A new image-based strategy to identify and measure placebo effects in randomized clinical trials for brain disorders has been identified by scientists. The findings are published in the August issue of The Journal of Clinical Investigation.
Parkinson's disease is the second most common neurodegenerative disease in the US. Those who suffer from Parkinson's disease most often experience tremors, slowness of movement (bradykinesia), rigidity, and impaired balance and coordination. Patients may have difficulty walking, talking or completing simple daily tasks. They may also experience depression and difficulty sleeping due to the disease. The current standard for diagnosis of Parkinson's disease relies on a skilled healthcare professional, usually an experienced neurologist, to determine through clinical examination that someone has it. There currently is no cure for Parkinson's disease, but medications can improve symptoms.
A team of researchers at the Feinstein Institute's Center for Neurosciences, led by David Eidelberg, MD, has developed a method to identify brain patterns that are abnormal or indicate disease using imaging techniques. To date, this approach has been used successfully to identify specific networks in the brain that indicate a patient has or is at risk for Parkinson's disease and other neurodegenerative disorders.

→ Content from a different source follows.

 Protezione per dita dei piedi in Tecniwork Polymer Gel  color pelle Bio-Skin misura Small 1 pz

"One of the major challenges in developing new treatments for neurodegenerative disorders such as Parkinson's disease is that it is common for patients participating in clinical trials to experience a placebo or sham effect," noted Dr. Eidelberg. "When patients involved in a clinical trial commonly experience benefits from placebo, it's difficult for researchers to identify if the treatment being studied is effective. In a new study conducted by my colleagues and myself, we have used a new image-based strategy to identify and measure placebo effects in brain disorder clinical trials."

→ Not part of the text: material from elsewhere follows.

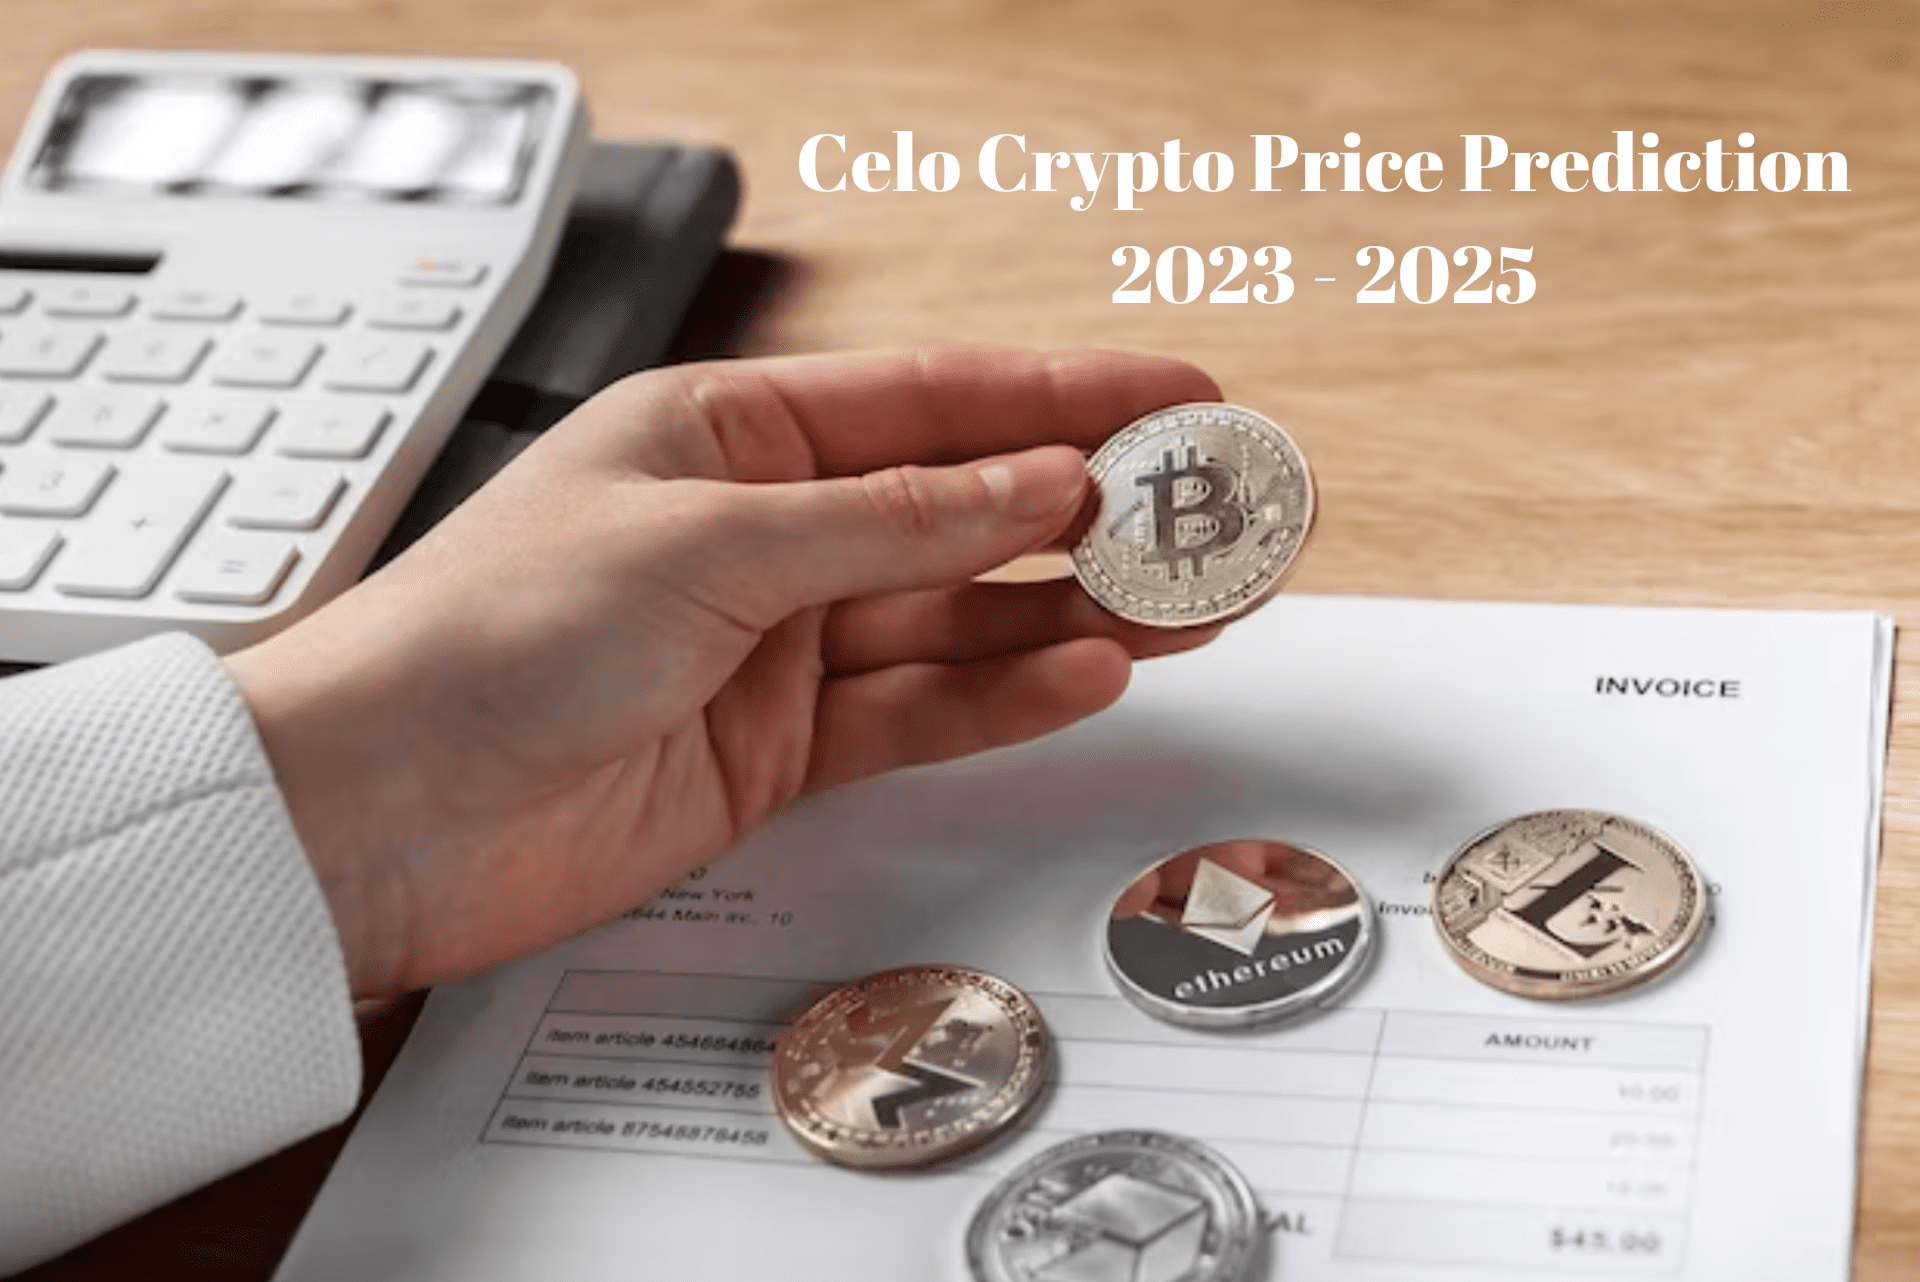 Celo Crypto Price Prediction

In the current study, the researchers used their network mapping technique to identify specific brain circuits underlying the response to sham surgery in Parkinson's disease patients participating in a gene therapy trial. The expression of this network measured under blinded conditions correlated with the sham subjects' clinical outcome; the network changes were reversed when the subjects learned of their sham treatment status. Finally, an individual subject's network expression value measured before the treatment predicted his/her subsequent blinded response to sham treatment. This suggests that this novel image-based measure of the sham-related network can help to reduce the number of subjects assigned to sham treatment in randomized clinical trials for brain disorders by excluding those subjects who are more likely to display placebo effects under blinded conditions.